Second opinion. “Now we are actively studying and conducting laboratory research on how our lifestyle affects the intestinal microflora,” says Inna Tulina. – If we talk about the skin, then often its problems are associated with external factors – poor ecology, dry air and the influence of all kinds of radiation. But do not forget that we also receive an adverse effect from the inside – chlorinated water, products with preservatives – they also affect the skin in a bad way. ”
Do you need a detox?
The phrase “skin detox” is loved not only by readers of fashion magazines, but also by cosmetologists and manufacturers of cosmetic products.Many people believe in this and even practice detox as a remedy for beautiful skin.

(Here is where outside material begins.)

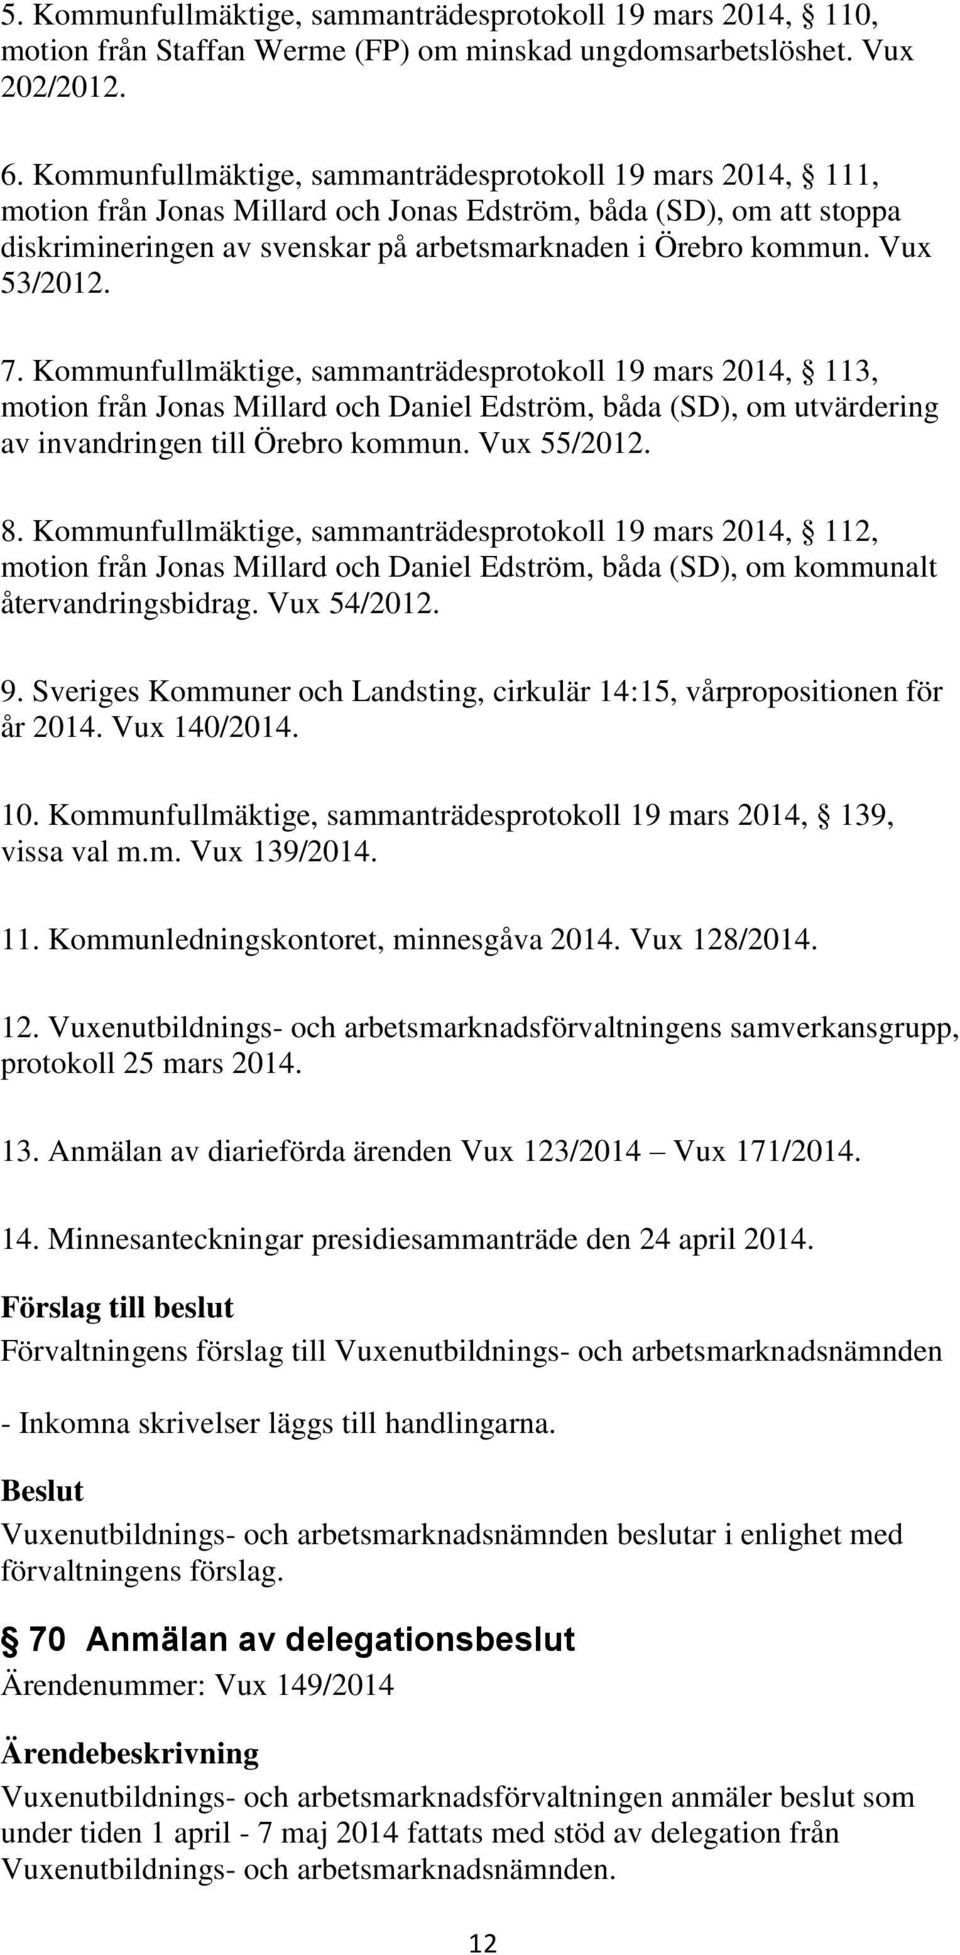 Vux 53/2012. 7. Kommunfullmäktige, sammanträdesprotokoll 19 mars 2014, 113, motion från Jonas Millard och Daniel Edström, båda (SD), om utvärdering av invandringen till Örebro kommun. Vux 55/2012. 8.

But honest experts say that skin detox is nothing more than an advertising gimmick. A healthy body can independently carry out the detox procedure. The liver and intestines work to eliminate toxins and toxins to a greater extent, and when they cannot cope, the body begins to attract its reserve to the elimination, the very first of which is the skin. “However, if the main pathways fail, an attempt to get rid of endotoxins can lead to the emergence of various skin manifestations, because the skin is not adapted to the elimination of decay products,” says Vasily Firsov.- That is why there are inflammatory reactions of the sebaceous and sweat glands. The situation is complicated by the fact that endotoxins can have a direct damaging effect on the epithelium of the ducts of the sebaceous and sweat glands. These are the so-called antigen-antibody complexes, which the body must remove when an allergen enters – for example, with food. Basically, the intestine takes over this function, it can remove large molecules due to its area, but if the path is closed, the skin will remove the molecules. And since they are aggressive in themselves and have a damaging effect on cells, inflammation will occur on the skin. “
Second opinion. “It is important to understand that there is no such direct way as if you ate an apple and began to look good, or if you smoke and look bad, there is no way. Between the skin and the intestines there is a large buffer of various regulatory systems, including hormonal, nervous, endocrine, hematopoietic, etc. This buffer in some people can be very wide, in others, on the contrary, it is too narrow. And the smaller it is, the stronger the external manifestations on the skin, ”says Inna Tulina.
Permitted procedures
“If we only suspect a connection between the skin and the gastrointestinal tract, then we must clearly establish it and enable related specialists to carry out diagnostics,” says Vasily Firsov.- Standard studies: a blood test for various inflammatory changes, studies of the biochemical composition of the blood (microelement composition, study of the content of vitamins, the level of hormones affecting digestion processes, the level of glucose in the blood). Research for systemic infections is mandatory. In some cases, you can even carry out an ultrasound of the skin to determine the nature of the disease. The extreme option that we resort to is a skin biopsy to identify psoriatic processes, chronic dermatoses or atypical inflammatory changes in the skin, which are most often also caused by processes occurring in the body.And only when the cause of skin problems is finally identified, treatment is prescribed according to the principle “do not irritate the irritated.” To relieve acute inflammation on the skin, use soothing lotions, applications of glucocorticoid and external agents with GCS. In general, everything that will calm the process. Treatment and rehabilitation are aimed at preventing the formation of hypertrophic changes in the skin.
The task of a dermatologist is to prevent the replacement of collagen and elastin fibers with connective tissue and prevent the development of fibrosis in the skin.Otherwise, it will lead to a violation of the appearance. In this situation, you can apply skin care procedures and masks. Next, you need to help the skin cells to effectively perform their function. To solve this problem, rehabilitation programs are used that do not belong to programs for solving inflammatory problems. For example, you can use high-protein preparations – creams that contain protein (everyone has heard of placentals, but this is not necessary). With preparations containing vitamin complexes, the situation is twofold.It makes no sense to add trace elements to them. Even if we apply zinc to the skin, which is the most important trace element for beauty, it will still not get inside. Therefore, for the rehabilitation of the processes that have occurred on the skin, preparations containing collagen and hyaluronic acid are useful. ”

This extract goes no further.